PILAGG WILL HOST ITS THIRD EVENT OF THE 2018-2019 ACADEMIC YEAR WITH PROFESSORS Ruth sefton-green, KERRY RITTICH, and robert wai on THE TOPIC OF “Law’s language, law’s Boundaries: an INterdisciplinary approach”
23 Nov / 12:30 – 14:30
Room 410 T – Meeting Room
Sciences Po Law School, 13 rue de l’université, 75007 Paris
FOR ABSTRACTS OF THE TOPICS OF DISCUSSION:
Ruth Sefton-Green (University Paris I Sorbonne)
Language as a means of closing and opening doors in law
The relationship and mutual influence between law and language is the driving force behind my enquiry. Language affects law from various perspectives. First, language has been, and no doubt still is, exploited by jurists to keep language within the legal community. It follows that a legal language, or a language of the law, can be used as a deliberate barrier to reserve the law to an elite, as well as to mark out cultural and national boundaries.

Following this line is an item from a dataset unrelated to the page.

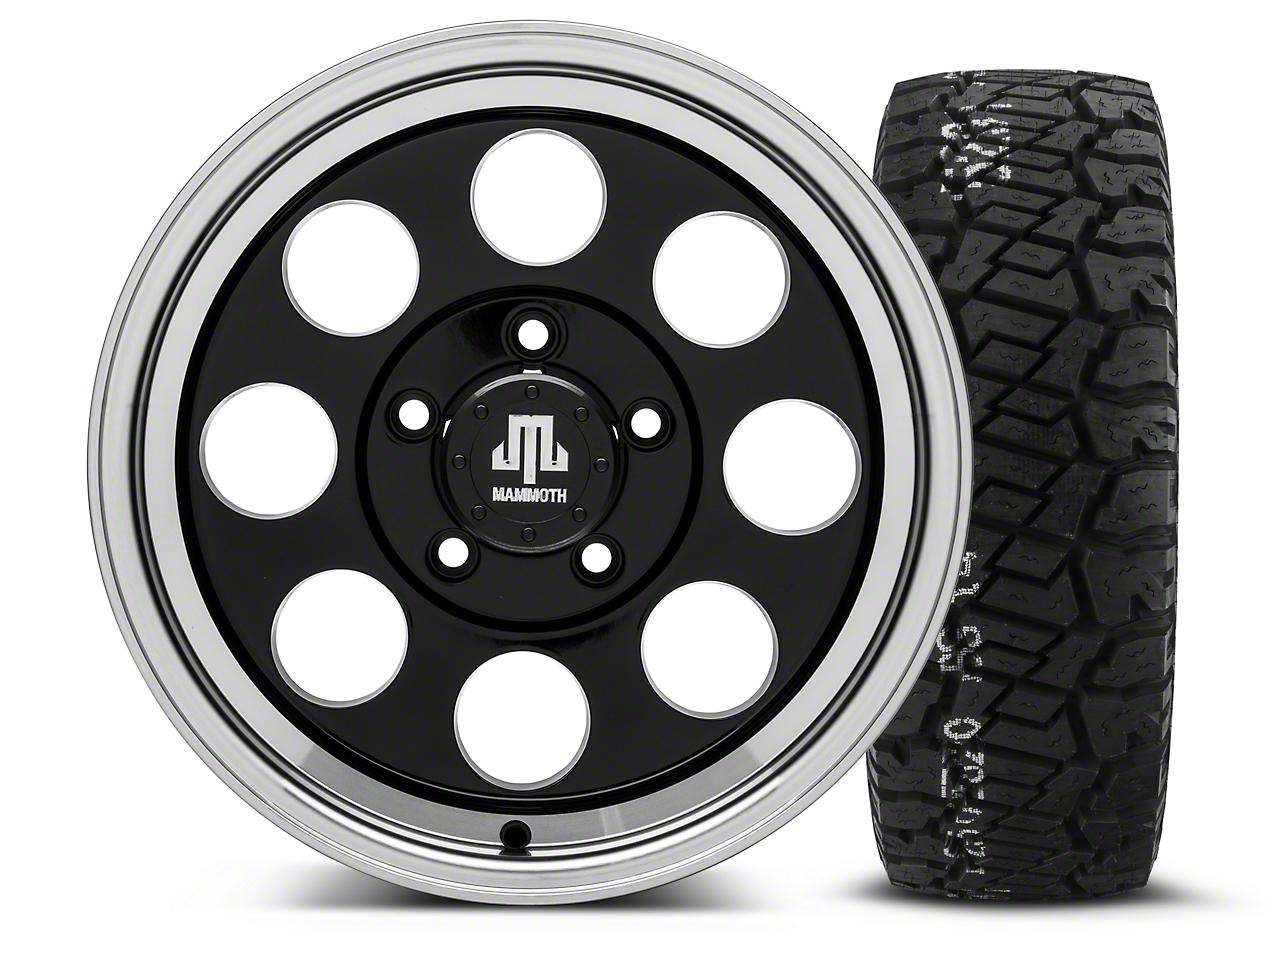 Mammoth 8 Black - 16x8 Wheel - and BF Goodrich All Terrain TA KO2 Tire - 315/75R16 (07-18 Jeep Wrangler JK; 2018 Jeep Wrangler JL)

For instance, the invention of the English common law was constructed, somewhat paradoxically, thanks to the French language. Second, it is often suggested that language creates barriers to understanding other legal systems. To what extent does the structure of a language affect the structure of law? Can we learn law in the ‘wrong’ language? Can linguistic incompetence, i.e. not knowing the language, preclude us from understanding another law? Overriding theories of untranslatability, I will explore the idea that comparative law is an eye-opener and an opportunity to cross thresholds, in order to move beyond fixed or conventional understandings and create new ones through a meta-language.
Kerry Rittich (University of Toronto)
Then and Now – Informal Work through the Lens of Colonial Labour Market Governance
Informal work has always been marginal to the discipline of labour law, despite the fact that at a global level it encompasses most of the work actually performed. A confluence of events – among them, the transnationalization of production, the rise of precarious, contractualized forms of work, and the assault on organized labour – has put the discipline in crisis and its conventional focus on the employment relationship in question. At the same time, labour market reforms and other governance norms at the national, international and transnational levels are intensifying the crises of work and exacerbating economic inequality.
As the boundaries of the field are being questioned and redrawn, it can be revealing to trace the continuities between contemporary imperatives to formalize informal labour and enhance productivity at work and colonial endeavours to create a wage labour force habituated to market norms, demands and conditions. What narratives of progress undergird these endeavours? How are legal technologies such as contractual forms employed to effect the transition to modernity? How are freedom and coercion for workers imagined in these contractual relationships, especially in the context of (countervailing) demands to ensure continuous increases in productivity? What do colonial labour market histories and governance projects suggest about the ensuing consequences for efficiency and distributive justice, economic growth and progress in human welfare and social cohesion?
Robert Wai (Osgoode Hall Law School, York University)
Liberal and Post-Liberal Internationalist Policy Discourses in Transnational Economic Law
How are the boundaries of territory and jurisdiction constituted through the language of law? One focus in my research has been the way in which this is resolved through the deployment of policy discourses in fields of transnational economic law, including private international law, international trade law, and international investment law. In particular, the harnessing and reception of interdisciplinary insights into law through the reasoning/justification of legal decision-makers, including legislators, judges/arbitrators, and public officials, involves a selective reception of the insights from the extralegal disciplines such as economics, international relations, and ethics. I have earlier argued that the supportive reception during the 1990s of globalization into many areas of law, most strikingly in neoliberal reform associated with the Washington Consensus, could be understood as being justified based on a series of liberal internationalist policy analytics taken from economics, international relations, and ethics. The slogan “commerce, cooperation, cosmopolitanism” could summarize this stage. Since then, the liberal internationalist policy consensus has clearly become more contested. What is the nature of interdisciplinary policy discourse now in transnational economic law, and what follows from the change for the legal language of territory and jurisdiction?